In 2009, thanks to his professional connection to Jennings, Cobb produced the Oak Ridge Boys' record The Boys Are Back, encouraging the band to record outside their standard catalog. The group then went on to cover songs by The White Stripes, Neil Young and John Lee Hooker.

Cobb and Sturgill Simpson originally first met at a Billy Joe Shaver concert. They then went on to complete Sturgill's record Metamodern Sounds in Country Music in only four days. Cobb has said he used many different vintage recording techniques, avoiding any electronic recording approaches for this particular album.

Cobb's approach of studio recording for Jason Isbell's Southeastern was an effort to chronicle an acoustic sound similar to what is found on Simon And Garfunkel's Bridge over Troubled Water, where a non-traditional recording environment was captured to provide an organic, live and "warm" sound.

Cobb met singer-songwriter Anderson East at Nashville's legendary Bluebird Cafe. The two ended up making East's record, Delilah, which was recorded at legendary FAME Studios in North Alabama's Muscle Shoals. Rodney Hall from FAME allowed the pair into the archives—in the vault they found George Jackson's song, "Find 'Em, Fool 'Em, Forget 'Em," which is now a track on Delilah.

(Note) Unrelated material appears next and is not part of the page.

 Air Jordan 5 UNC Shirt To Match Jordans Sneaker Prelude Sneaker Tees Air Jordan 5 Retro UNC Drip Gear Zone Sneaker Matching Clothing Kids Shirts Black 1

The video for "Find 'Em" is shot at FAME.

In 2013, Cobb began work producing Early Morning Shakes, the third studio album from Whiskey Myers, a Country Southern rock band from Palestine, Texas. The record was released on February 4, 2014.

Cobb's professional career is managed by Brightman Music. Cobb also runs Low Country Sound an imprint of Elektra that has a distribution deal with Atlantic Records. The debut project for Low Country Sound was the 2015 record Delilah, by Anderson East, who is currently signed with the label.

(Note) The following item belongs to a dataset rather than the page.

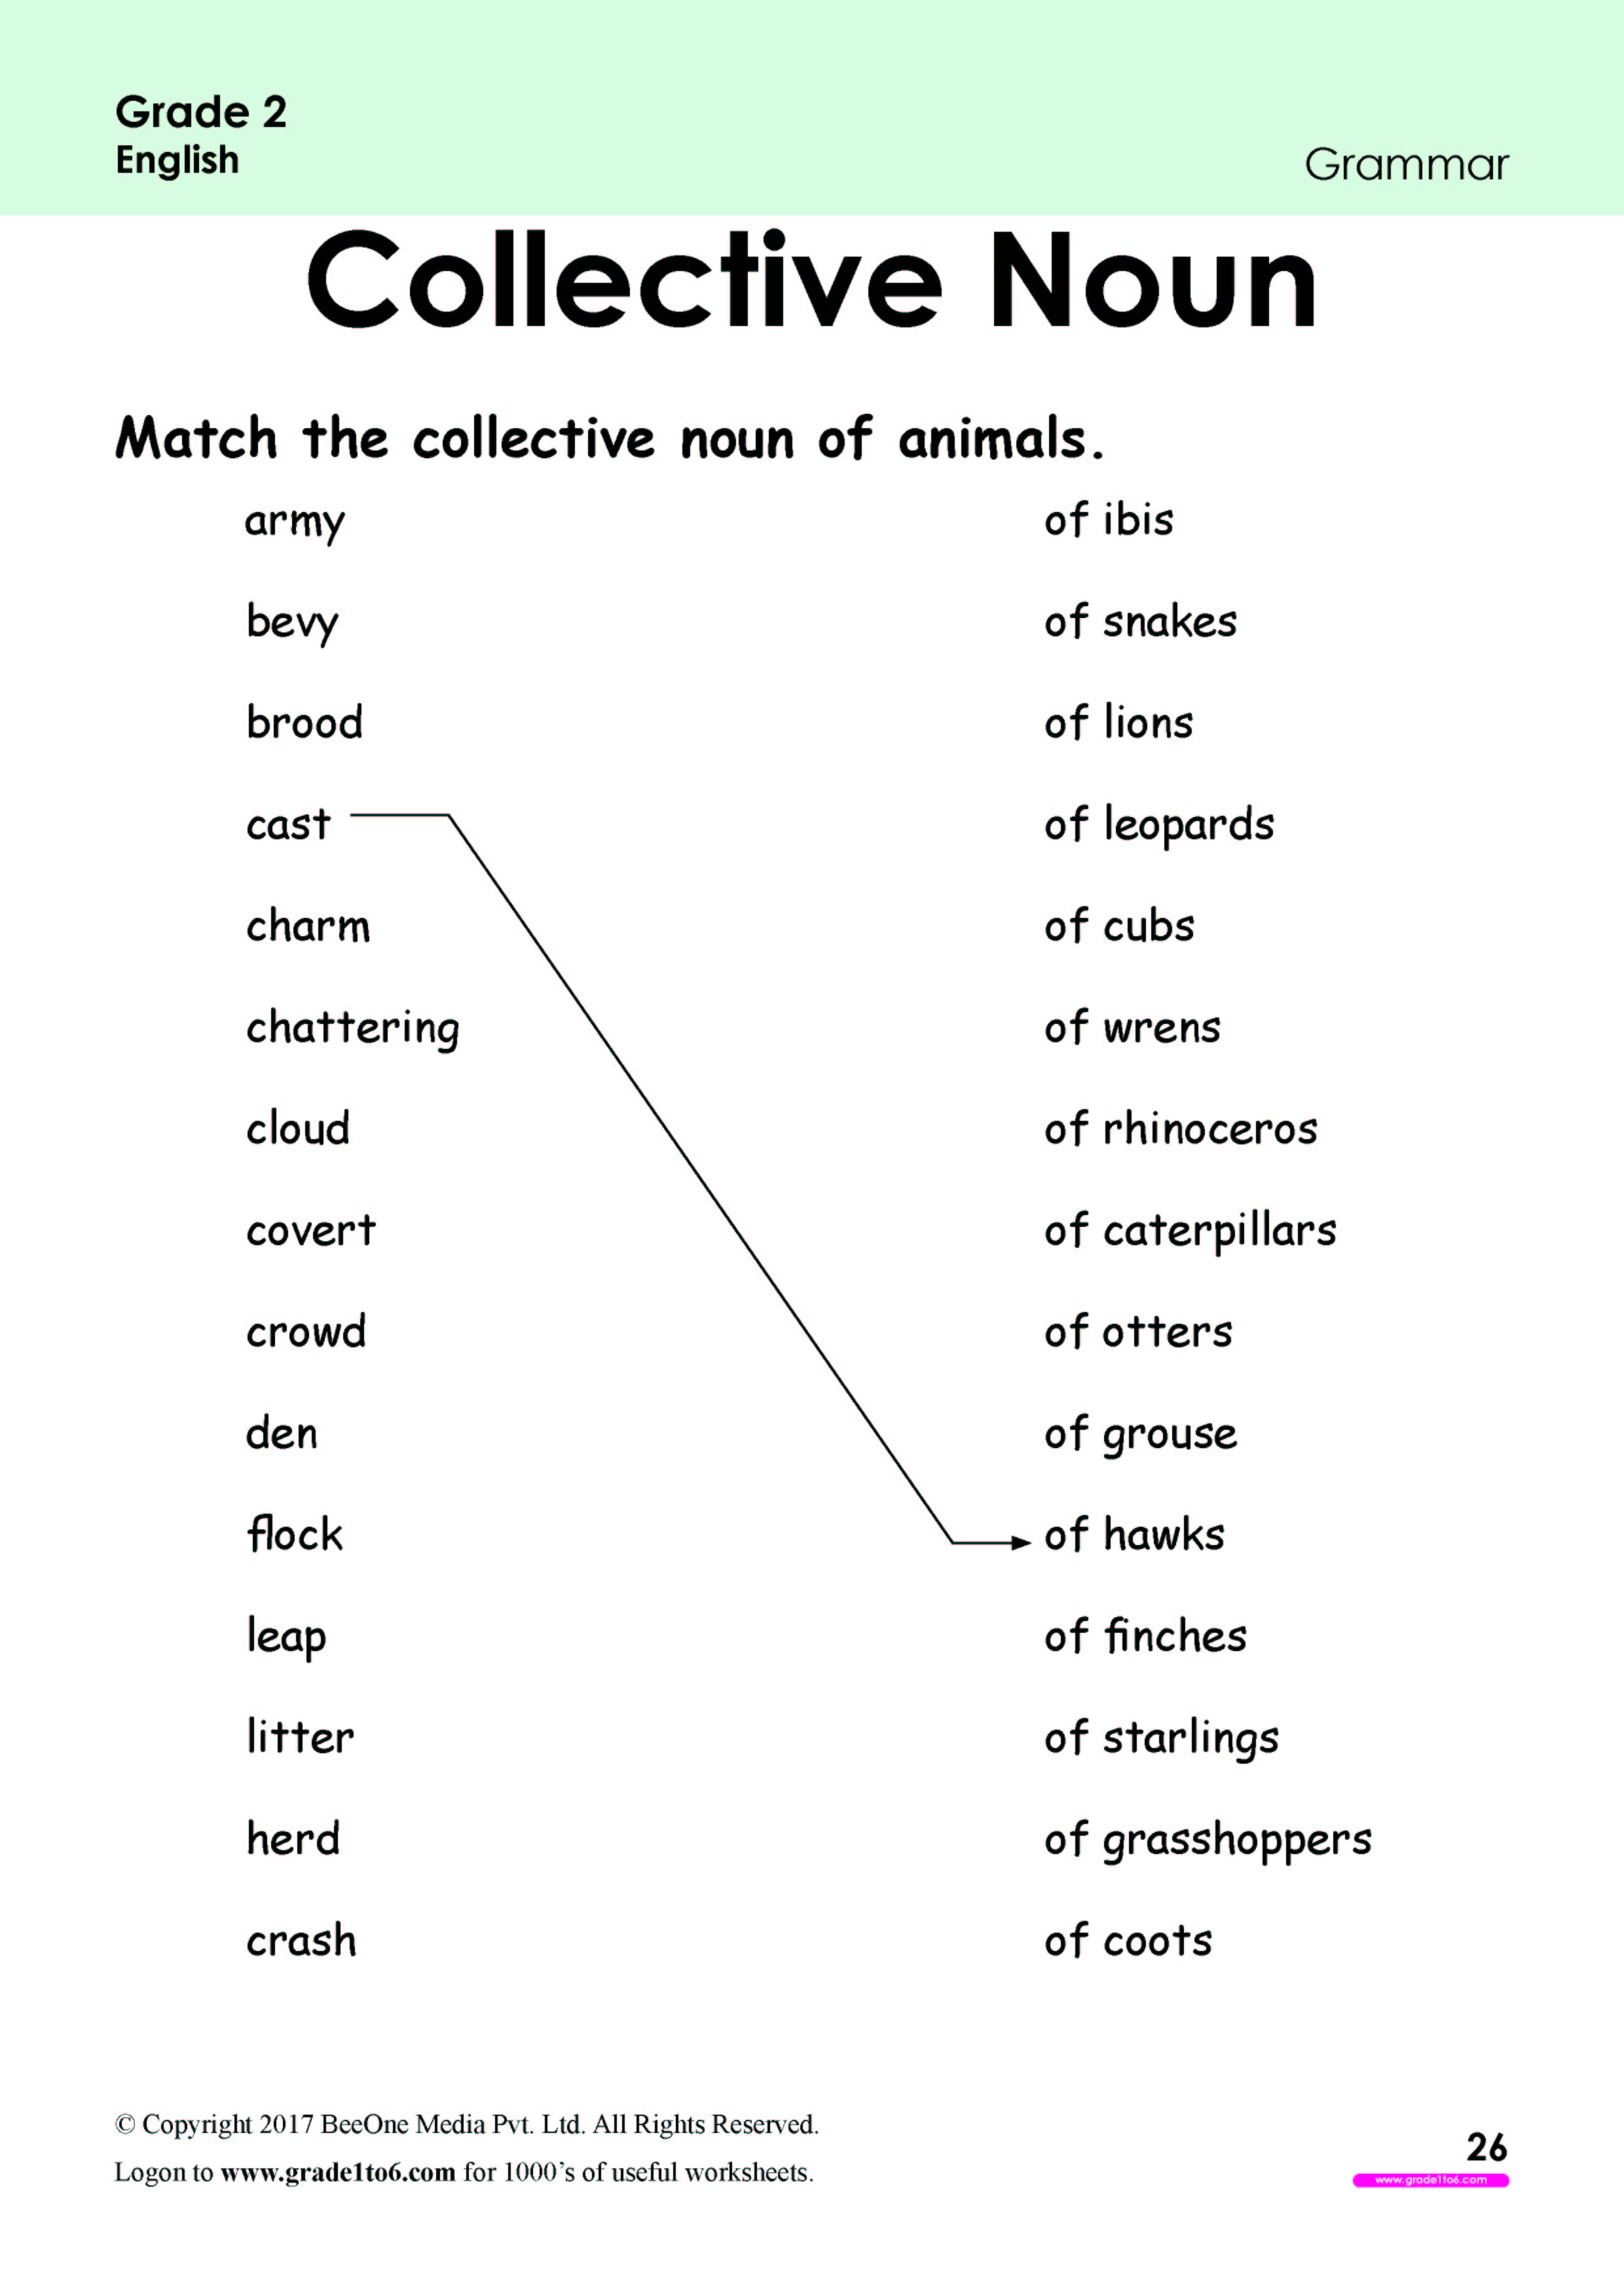 collective noun for animals squad

In 2016, Cobb produced and curated the collaborative album Southern Family. Cobb has said he was inspired by the album White Mansions. It was released on his Low Country Sound imprint. The record, which is characterized as a concept album, is focused on themes centered on family values and the artist's experiences growing up in the South. It contains song contributions by Zac Brown, Anderson East, Jason Isbell, Shooter Jennings, Jamey Johnson, Miranda Lambert, Morgane and Chris Stapleton among others. It was officially released on March 18, 2016.

In July 2016, Cobb began a long-term residency at RCA Studio A on Nashville's Music Row. The studio is adjacent to the famed RCA Studio B which opened in 1956. The title of Chris Stapleton's 2017 release From A Room: Vol. 1 refers to the album being recorded at the studio, as does The Oak Ridge Boys' 2018 release, 17th Avenue Revival, referring to the studio's location on 17th Avenue in Nashville.

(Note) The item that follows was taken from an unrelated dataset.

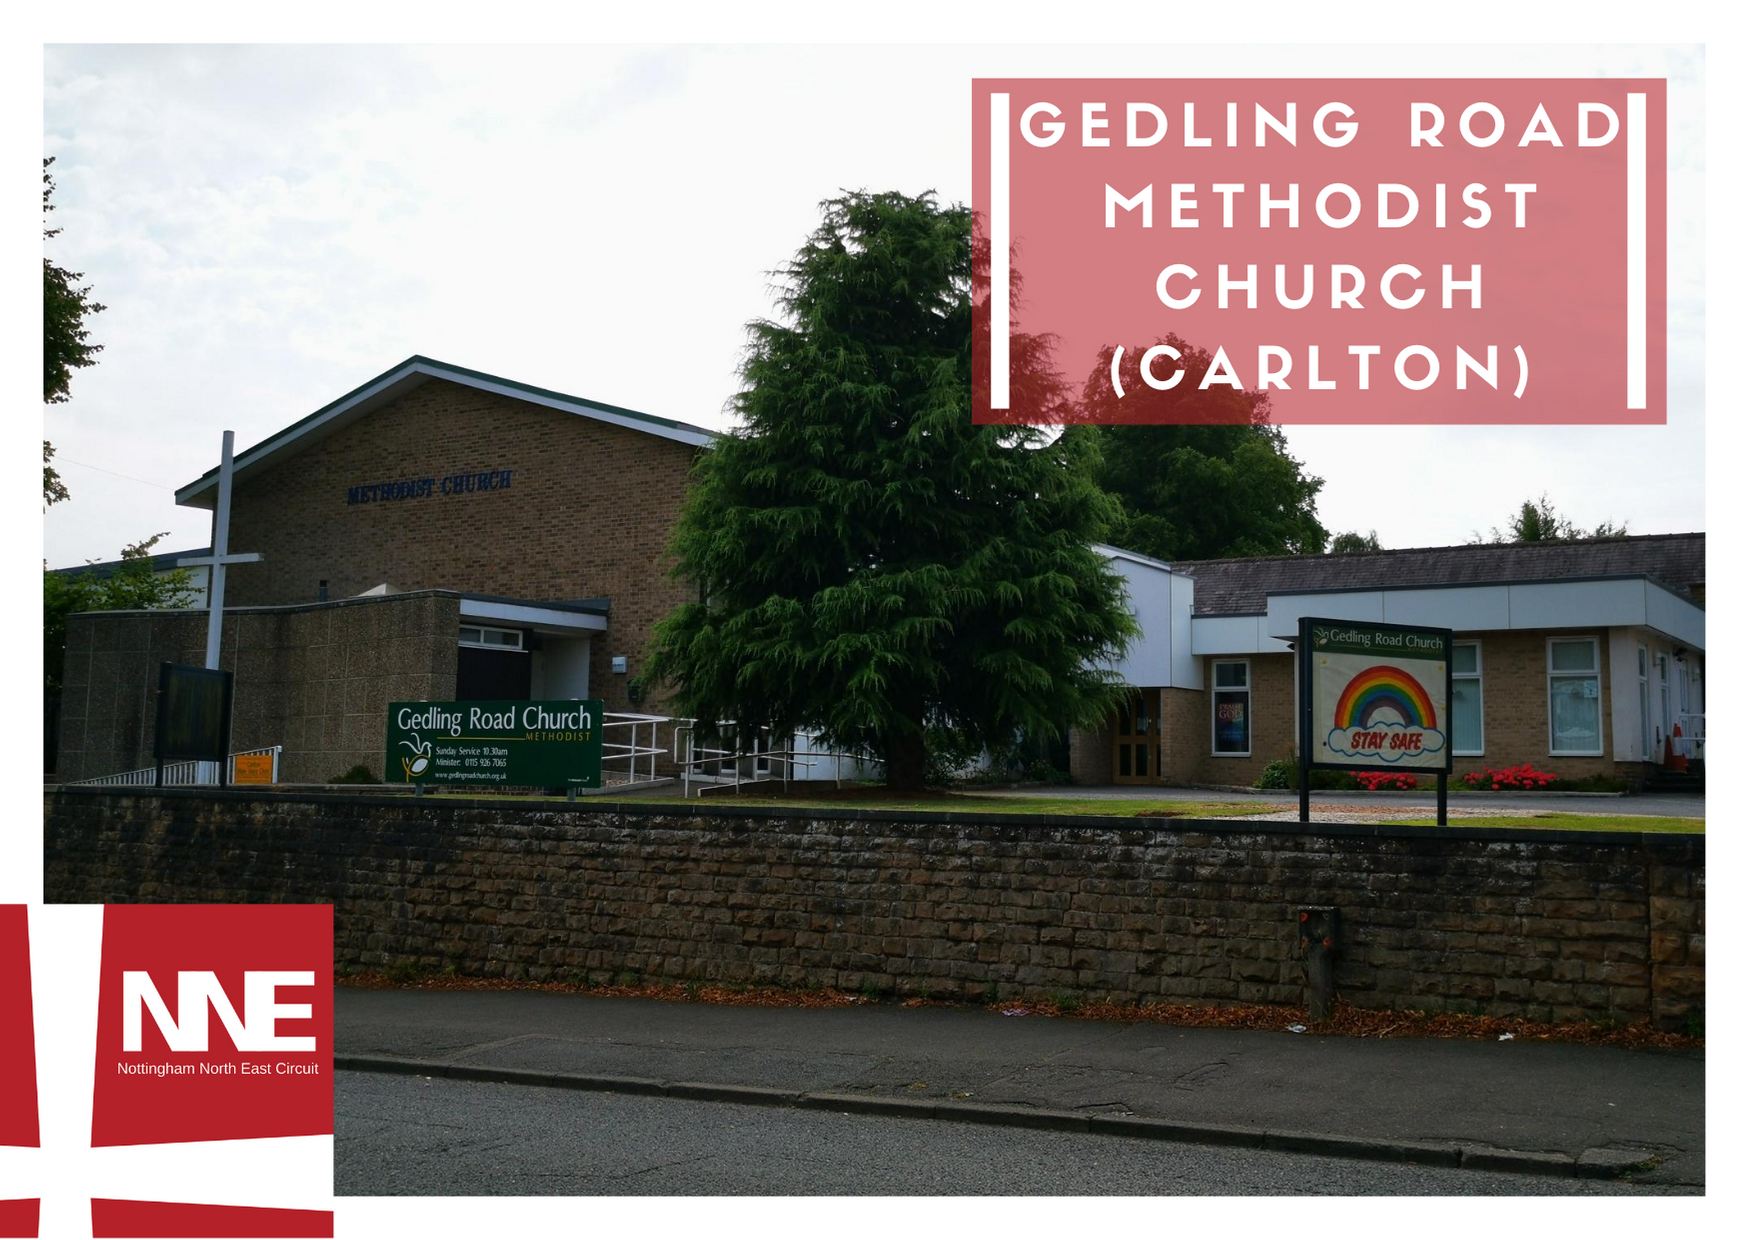 Gedling Road Methodist Church

In 2022, Cobb produced Gavin DeGraw's 8th album titled Face the River, 4 by Slash featuring Myles Kennedy and the Conspirators and Sammy Hagar and The Circle's album Crazy Times.

Artistic approach 
Cobb has said he focuses on the performer's voice, aiming for an end product which sounds natural. Cobb often plays guitar, and occasionally drums, on the records he produces. Cobb cites Jimmy Miller (Sticky Fingers, Exile on Main Street) as an important influence in his approach to producing, as well as Glyn Johns and Brendan O'Brien. Current influences include Gabriel Roth (Daptone Records).

Cobb also is known to not have a preference over analog recordings versus digital, instead believing the spontaneous nature of creativity as well as the inspiration derived from new discovery, predominantly drives the organic quality of a song.

Personal life 
Cobb lives in the Green Hills neighborhood of Nashville, Tennessee. Cobb is married; he and his wife, who is from Albania, have one daughter together.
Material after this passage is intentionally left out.